She attended Scripps College in Claremont, but returned home to take care of her ailing father. While back in Santa Barbara, she continued studying with artists Douglass Parshall, Richard S. Meryman, and Clarence Hinkle. Hinkle had a studio on the Riviera, and Meredith remembers it fondly because he had live models. Determined to graduate from college, she got a degree from the Art Center School in Los Angeles. 

In 1962, she moved to the East Coast because she couldn’t find a job in the arts in Santa Barbara or in Los Angeles. In New York, she worked as an illustrator in the advertising field and took night classes at the Arts Students League. Her sister Hope Brooks was there, and she married Richard S. Meryman’s son, who was a writer for Life magazineand Andrew Wyeth’s biographer. Meredith would often spend her weekends traveling to visit Meryman Sr.’s studio in Dublin, New Hampshire. There, she assisted the artist in completing portrait commissions, and she would do some of the commissions that Richard Meryman didn’t want to or couldn’t do. These included the wives of governors, and she also painted two governors.

In the ’60s, Duncan became a portfolio manager and worked in San Francisco for Bank of America. While Meredith was in New York, he would send her articles about San Francisco by Herb Caen to entice her to join him there. She and Duncan had a lot in common besides growing up together in ranches in Santa Barbara, as both of their families were involved in the arts. His mother, Margaret Hunt Abbott, was the chair of the Santa Barbara Museum of Art. Both of Meredith’s sisters, Hope and Whitney, became woodcutting artists.

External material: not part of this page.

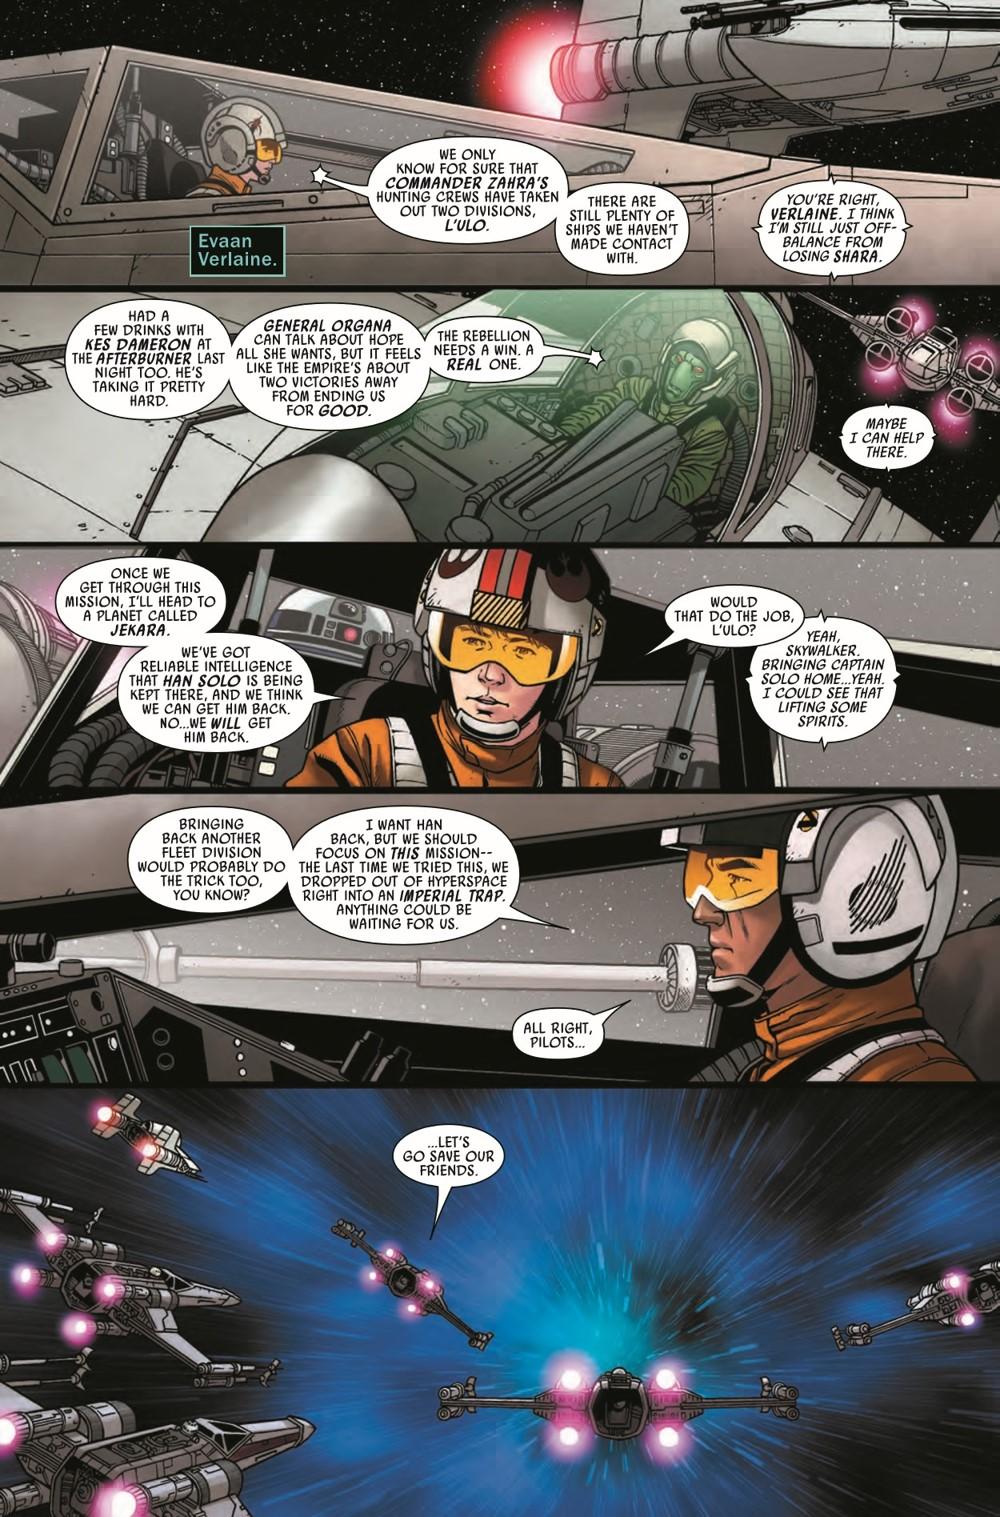 STWARS2020015_Preview-4-1 ComicList Previews: STAR WARS #15

In 1970, Meredith moved to San Francisco. “He married me for my car,” Meredith says mischievously. It is the classic Mustang that still sits in their driveway. While in Northern California, she got a job updating textbook illustrations to include African American people while continuing to do portrait commissions, and to paint gardens. The day they married, Duncan and Meredith bought a house in Mill Valley. On the weekends, the young couple would drive deep into Marin to paint landscapes. A gallery in the area started to represent her. 

Duncan and Meredith had three children — twins Robert and William, and Whitney. In 1974, the family returned to Santa Barbara, for Duncan decided to manage his family’s avocado ranch. “It was time to come back,” Duncan says.

Inside the studio of Meredith Brooks Abbott | Credit: Ingrid Bostrom

“I have always felt great while painting outdoors,” Meredith says. “My favorite song is ‘Don’t Fence Me In.’ It doesn’t get any better!” When she first returned to Santa Barbara, she did some portraits but eventually stopped taking commissions and dedicated herself to her landscapes and still lifes.

Inside the studio of Meredith Brooks Abbott | Credit: Ingrid Bostrom

In 1979, Walter Silva started showing her work in his Gallery De Silva in Montecito. “It was a breakthrough for me,” she says. Painter Arturo Tello remembers this time: “I met Meredith when I first moved to Carpinteria back in 1979. I was taking an adult ed landscape painting class with James Armstrong, who was a partner with Mr. Walter Silva, owner of Gallery De Silva in Montecito, and I began working there. They specialized in early California painters with a few living artists, including Meredith Brooks Abbott. Meredith’s work seemed to me to be on a par in quality with the dead artists, so I started calling her ‘the late Meredith Abbott.’ ” 

Tello, Meredith, and fellow painter Marcia Burtt started a friendship forged by working outdoors together. Eventually, Arturo and Ray Strong would start the Oak Group and Meredith became a member, among others. Established in 1986, the Oak Group was the first group of artists exhibiting to preserve open spaces. They still actively fight to protect land for wildlife, recreation, ranching, and farming. Its painters make visual records, drawing attention to lands we stand to lose and generating funds to protect them. 

On one of the days I met with Meredith, she and Whitney were planning to go painting at More Mesa because the land is being threatened by imminent development. Half of the proceeds of the sales of their paintings will go toward the preservation of the open space. “I have such a strong love for landscapes,” Meredith confesses. “I like being alone. You’re pretty much by yourself. I like being outside. I like documenting areas that are changing. Drawing attention to development, to the changing culture, to the changing of access.”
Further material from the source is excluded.